The development technical parts have not been sleeping on their laurels either. The existing versions of the RainCode Roadmap have all been restructured and standardized. They now exist for COBOL, PL/1, Informix 4GL and Ada.

Web site

As a start, let's mention that our website has been completely re-designed to allow a very simple and pleasant navigation. Further arrangements are still planned, as we are willing to add some more information about our technologies and products very shortly.

To visit our brand new site, you can still go to http://www.raincode.com, but don't forget to drop by on a regular basis to look for updates.

RainCode Roadmap

What is a RainCode Roadmap?

The RainCode Roadmap is a tool that generates all the technical documentation necessary to understand and manage a portfolio of source code. It is based on the RainCode technology: it is made of plain RainCode scripts that can be extended to suit specific needs, including additional cross-references or metrics.

The resulting documentation is produced as a set of HTML pages, that can be viewed on about any platform, provided there is a compliant web browser available. Navigation through the generated documentation can be done thanks to a number of hyperlinks and buttons.

The Roadmap can deal with unlimited amounts of source code. Moreover, all results and metrics are cross-referenced through the entire set of analysed files. Imagine you have to change a table. What programs are impacted, and where? Roadmap finds it out for you.

Another functionality of the RainCode Roadmap is the calculation of a number of metrics and critical values.
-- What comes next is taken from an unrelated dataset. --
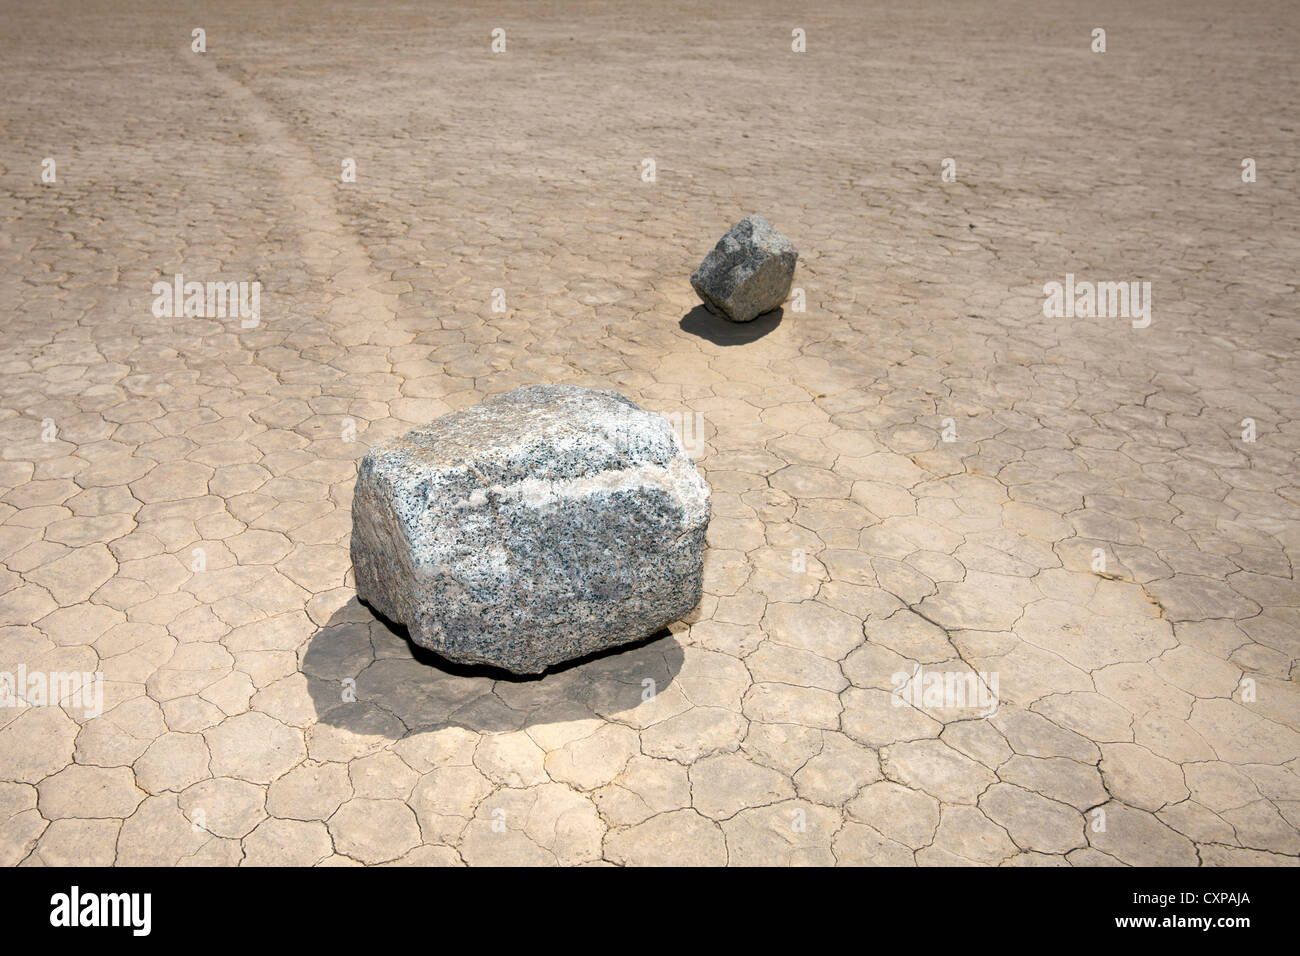 Beweglichen Felsen auf dem Racetrack Playa, Death Valley Nationalpark, Kalifornien, Vereinigte Staaten von Amerika Stockfoto
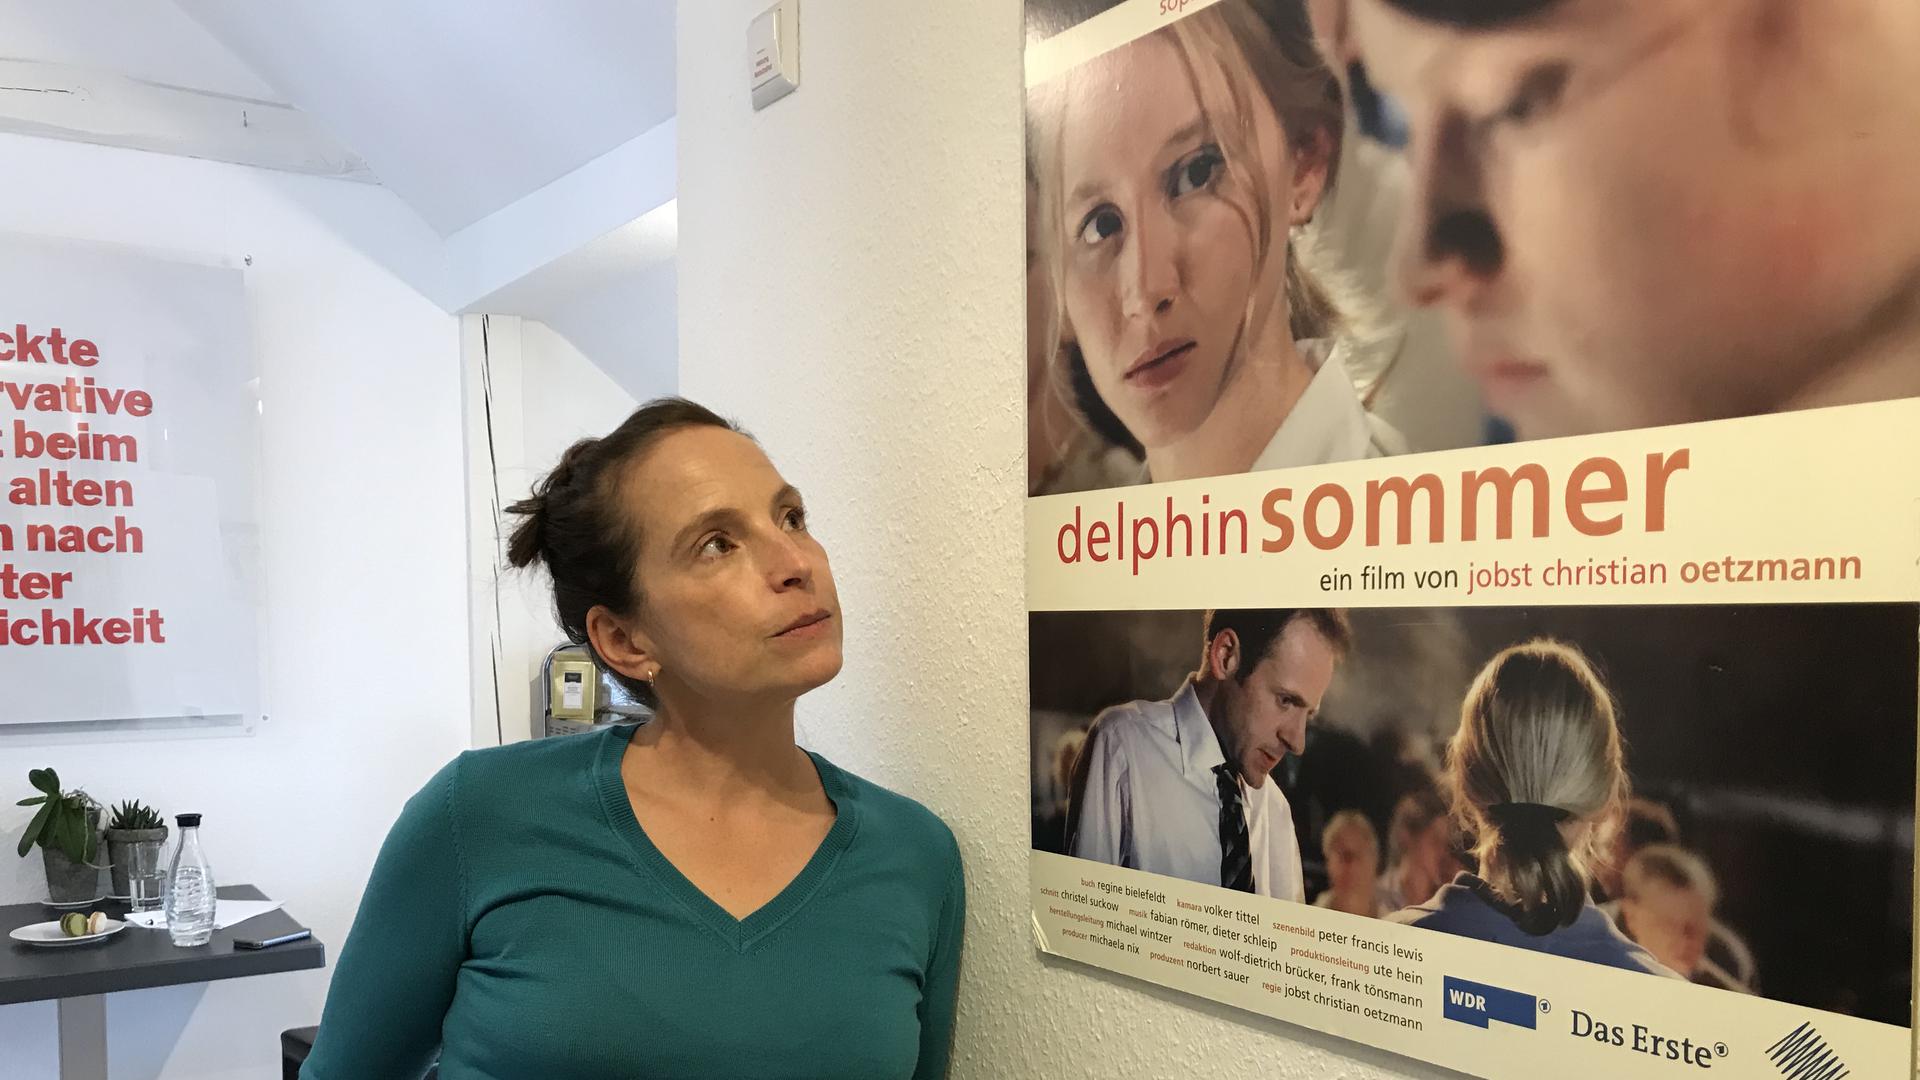 Die Drehbuchautorin Regine Bielefeldt aus Baden-Baden steht vor einem Filmplakat von Delphinsommer.

Among these, you will find:

  • cyclomatic complexity
  • Maximum nesting level
  • Number of tables
  • Number of lines
  • Number of code lines
  • Number of comment lines

New developments

In the development of the RainCode Roadmap, we came up with an original and quite interesting new metric: the detection and counting of comment lines that are no true comments, that don't contribute to make your code more understandable, but which are merely commented pieces of code.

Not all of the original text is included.